PROMPT
From the first line to the last, please reproduce the material exactly, skipping the pictures.

EXERCISE DATA

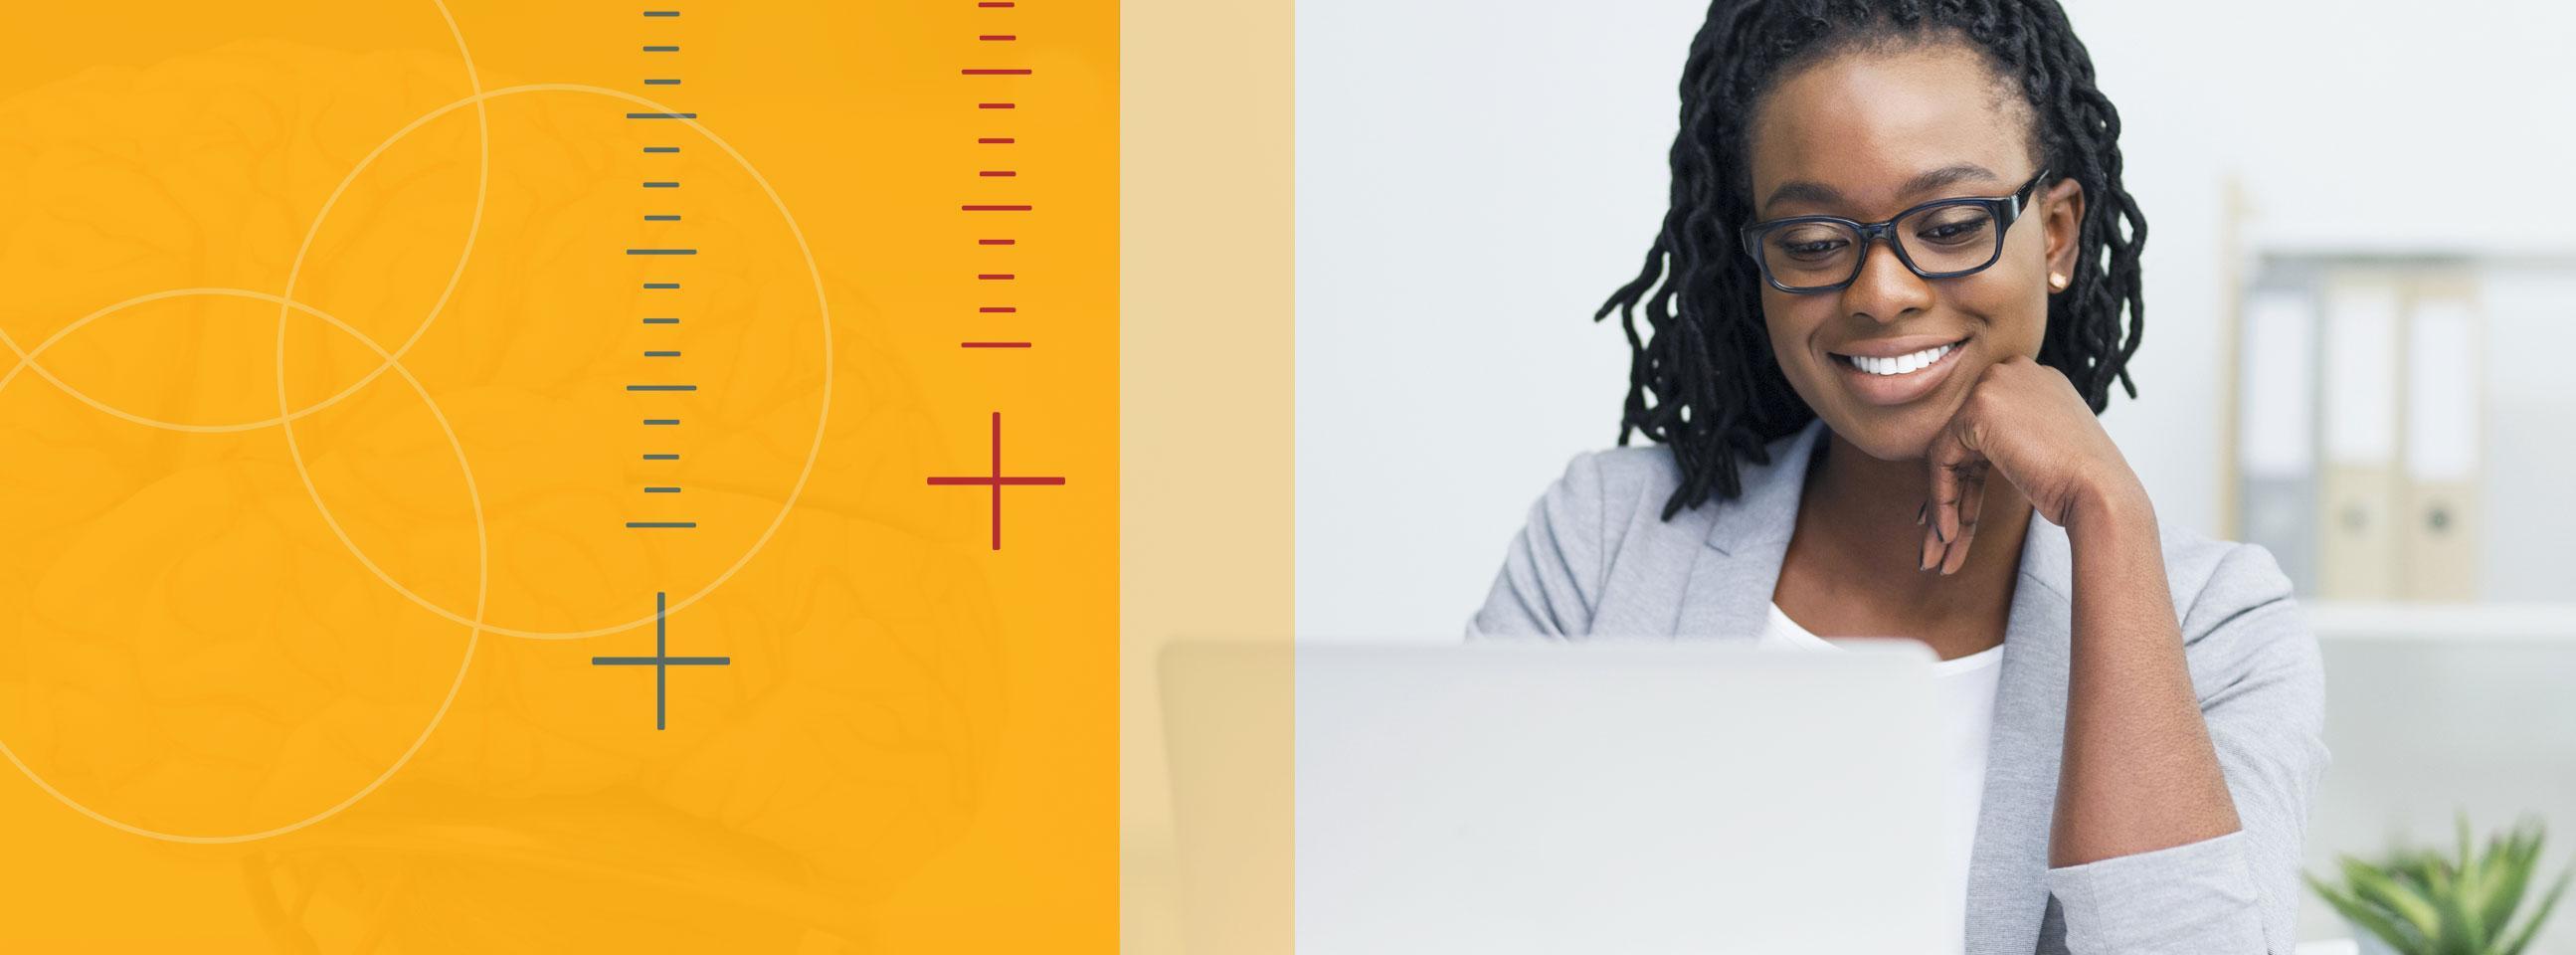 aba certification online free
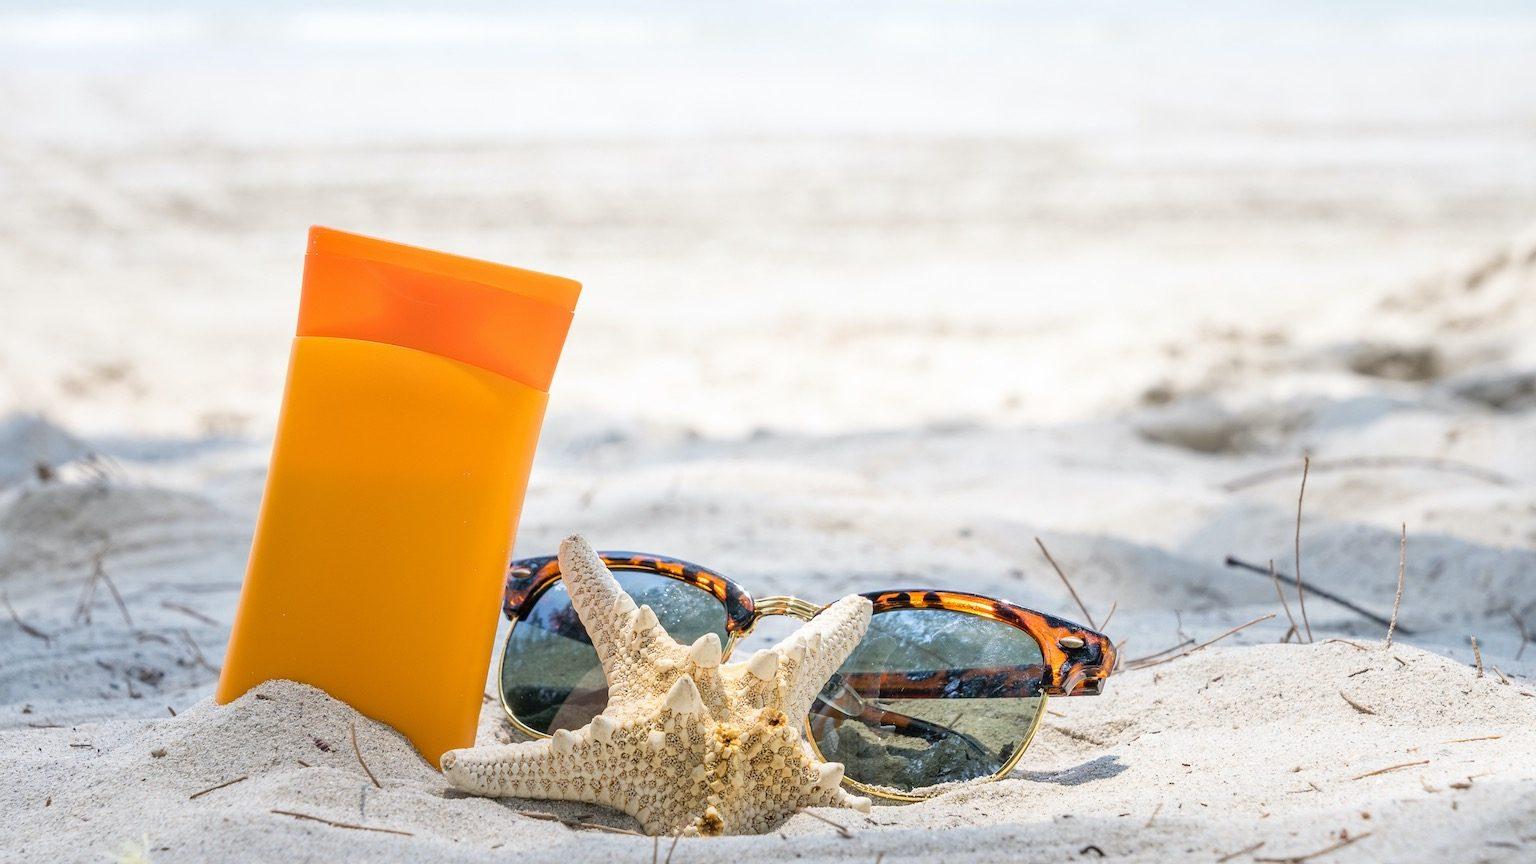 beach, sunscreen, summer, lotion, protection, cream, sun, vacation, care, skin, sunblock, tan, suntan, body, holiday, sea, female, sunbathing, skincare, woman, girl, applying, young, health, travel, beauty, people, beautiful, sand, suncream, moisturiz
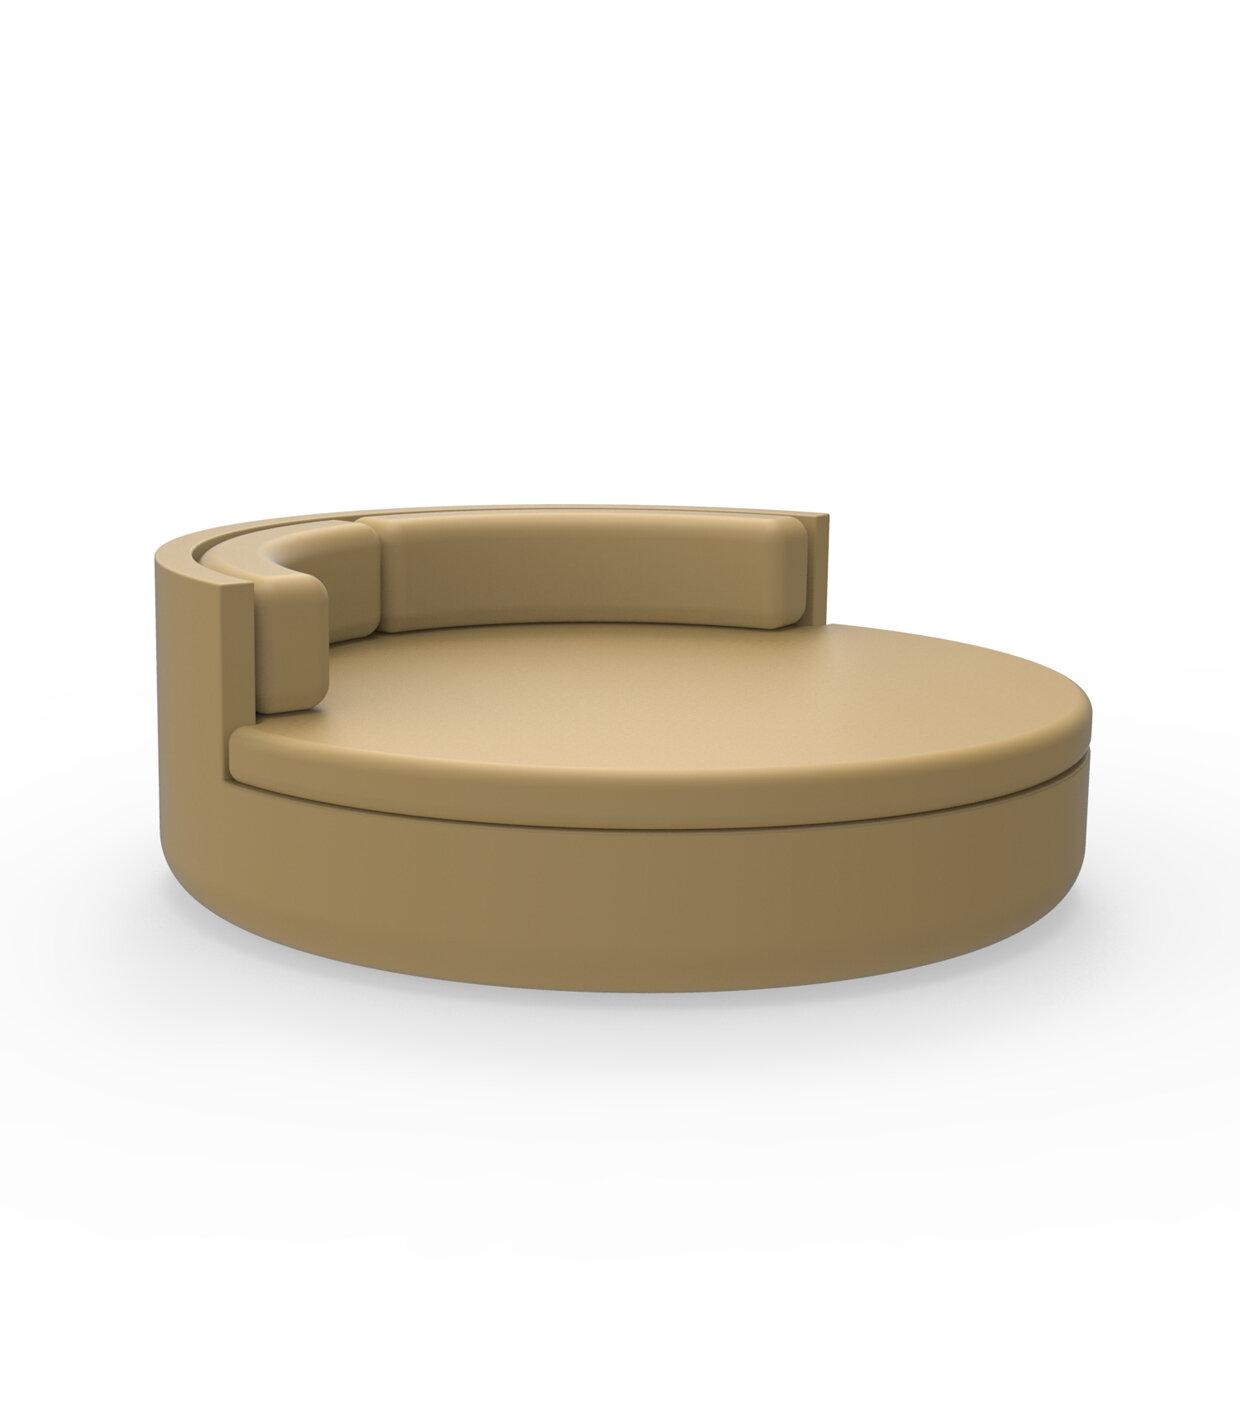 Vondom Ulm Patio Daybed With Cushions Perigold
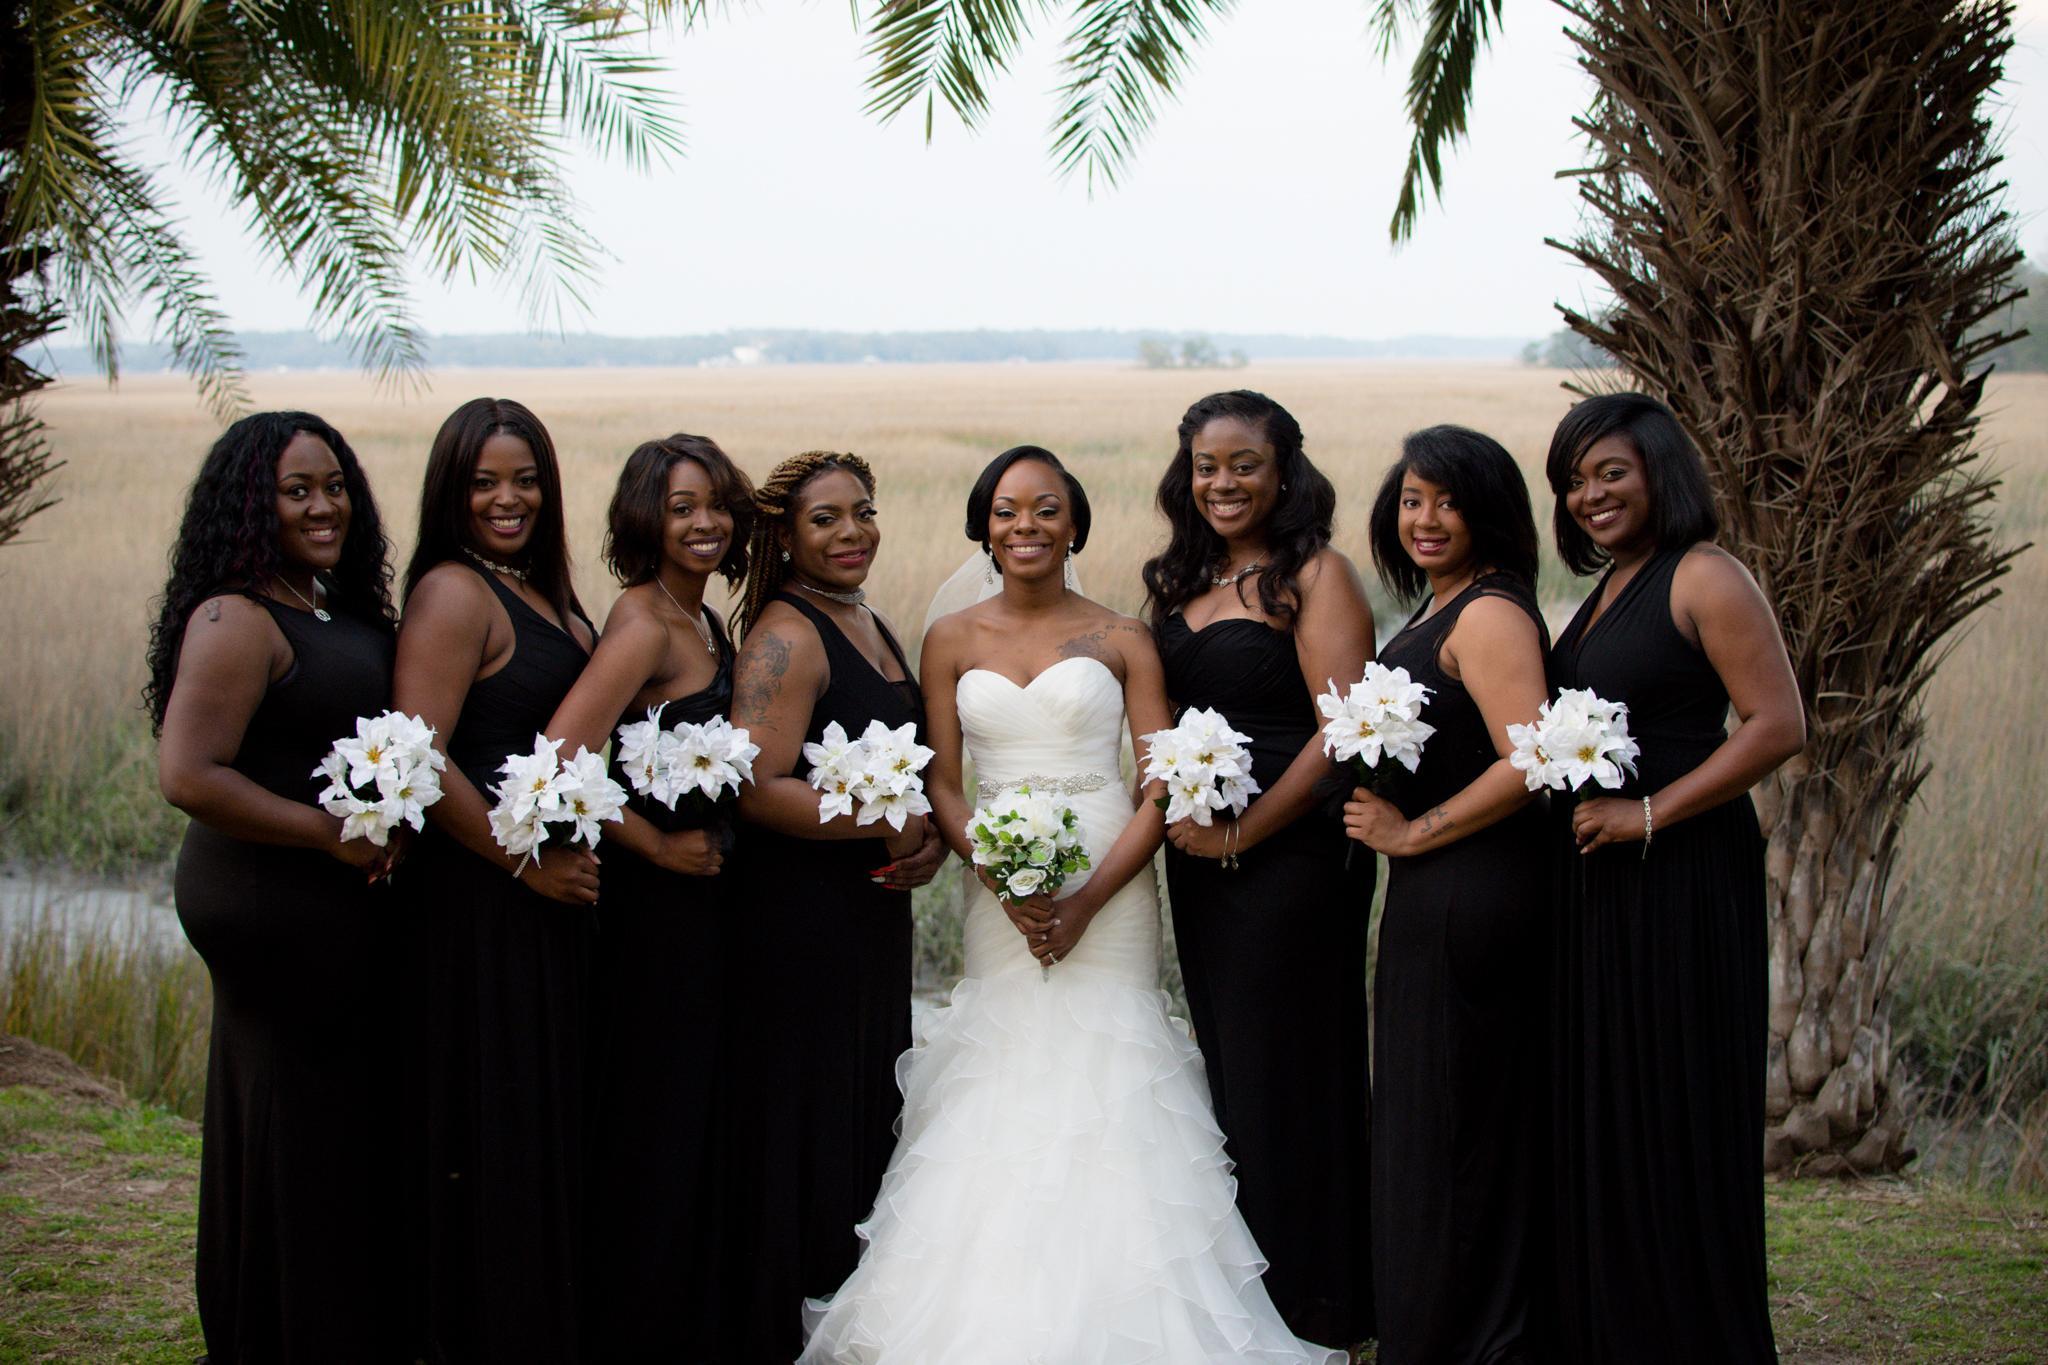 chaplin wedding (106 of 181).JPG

EXERCISE ANSWER
 aba certification online free
 beach, sunscreen, summer, lotion, protection, cream, sun, vacation, care, skin, sunblock, tan, suntan, body, holiday, sea, female, sunbathing, skincare, woman, girl, applying, young, health, travel, beauty, people, beautiful, sand, suncream, moisturiz
 Vondom Ulm Patio Daybed With Cushions Perigold
 chaplin wedding (106 of 181).JPG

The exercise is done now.